Лида уставилась на подругу:
— Дура ты, Нюрка! Вышла бы за нормального парня, за своего, а то — Андрей Иванович! Сегодня Андрей Иванович, а завтра скажешь — Хрущева люблю!
— Что ты, Лидка!
— Да, да, да!
— Отстань, дура! — отмахнулась Нюра. У нее сжалось от обиды сердце, ведь призналась в самом сокровенном! Сколько ночей не спала, грезила о любимом. На глаза навернулись слезы.
— Люби кого хошь! — взглянув на расстроенную подругу, смирилась Лида. Она встала, надела мешковатое пальто и закуталась в огромный теплый платок.
— Ты похожа на чудище! — хмыкнула Нюра.
— Сама — чудище! Закрывай! — скомандовала Лида и подхватила сумку.
— Ничего не забыли? — озиралась буфетчица. — Где ключи-то? Тута нету, а тута? — ковырялась в поиске ключей Нюра. — Да вот они где! — выудила объемистую связку девушка.

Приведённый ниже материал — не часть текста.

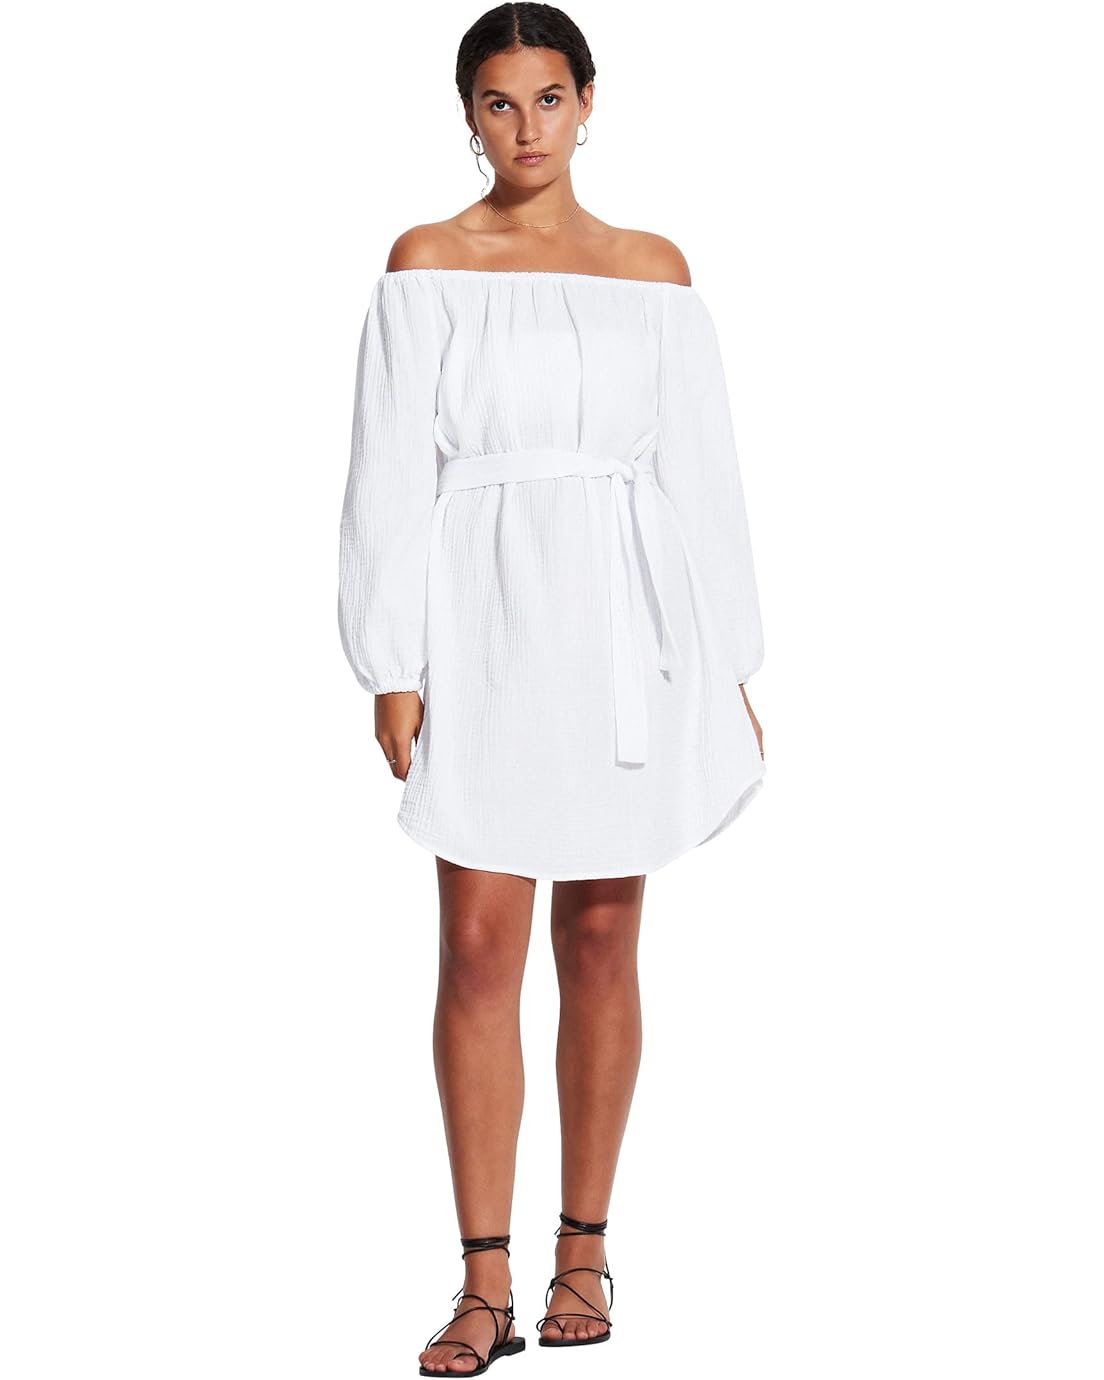 Seafolly Double Cloth Summer Cover-Up

— На улице метет, — сказала закутанная, как полярник, подавальщица. — Будем с тобой как белые медведи.
— Боюсь, чтоб не лапали, — распереживалась Нюра. — Что за люди, всю излапят и еще хотят!
— Идем, копуша!
— Идем. Я колбаску в чулок приткнула, не найдут, как думаешь? — опасливо спросила буфетчица.
— Не найдут.
— Все-таки перепрячу, — засуетилась Нюра. Она завозилась, распахивая пальто.
Лида недовольно смотрела на ее торопливые движения.
— Так-то лучше! — закончив, успокоилась буфетчица и хихикнула: — Вместо сисек будут колбасу щупать!
24 марта, вторник
Нина Петровна была занята. Весь день она ходила по дому, давала распоряжения, суетилась, но хлопоты были приятные: из угловатой, неуютной дачи в Ильичево Хрущевы перебирались в шикарный Огаревский особняк, который стоял на противоположном берегу Москвы-реки. Несколько дней назад состоялось решение Правительства, по которому Никите Сергеевичу предоставлялась новая дача за городом. Дом этот оказался куда просторнее прежнего, с многочисленными холлами, террасами, светлыми комнатами, парадной мраморной лестницей. Все тут выглядело основательно и монументально. И участок громадный — конца и края нет. Левее дома начинался фруктовый сад, окруженный живописными полянами, а за полянами — настоящий лес, с дубами и елками, да такой дремучий, что можно ненароком заблудиться. При въезде на территорию стоял амбар, наскоро превращенный в гараж, в стороне, просматривалось здание для обслуживающего персонала, переделанное из княжеской церкви. Наискосок к центральному входу, возвышалась выкрашенная в голубой цвет горка, перед горкой зимою обычно заливали каток. Минут восемь-десять и можно, прогуливаясь, оказаться у реки.
В отличие от Ильичево,
огаревский дом не был из вновь отстроенных, а возводился как загородная резиденция московского генерал-губернатора, родственника императора, аристократа и богача — просторный, торжественный. Одно время тут жила сестра Ленина, потом заселился секретарь Московского горкома Щербаков. После его смерти особняк пустовал. Хотели передать его Булганину, но почему-то не сложилось, и вот он достался Никите Сергеевичу.— Спасибо скажешь! — выговорил Берия. Это он дал указание готовить резиденцию под Хрущева.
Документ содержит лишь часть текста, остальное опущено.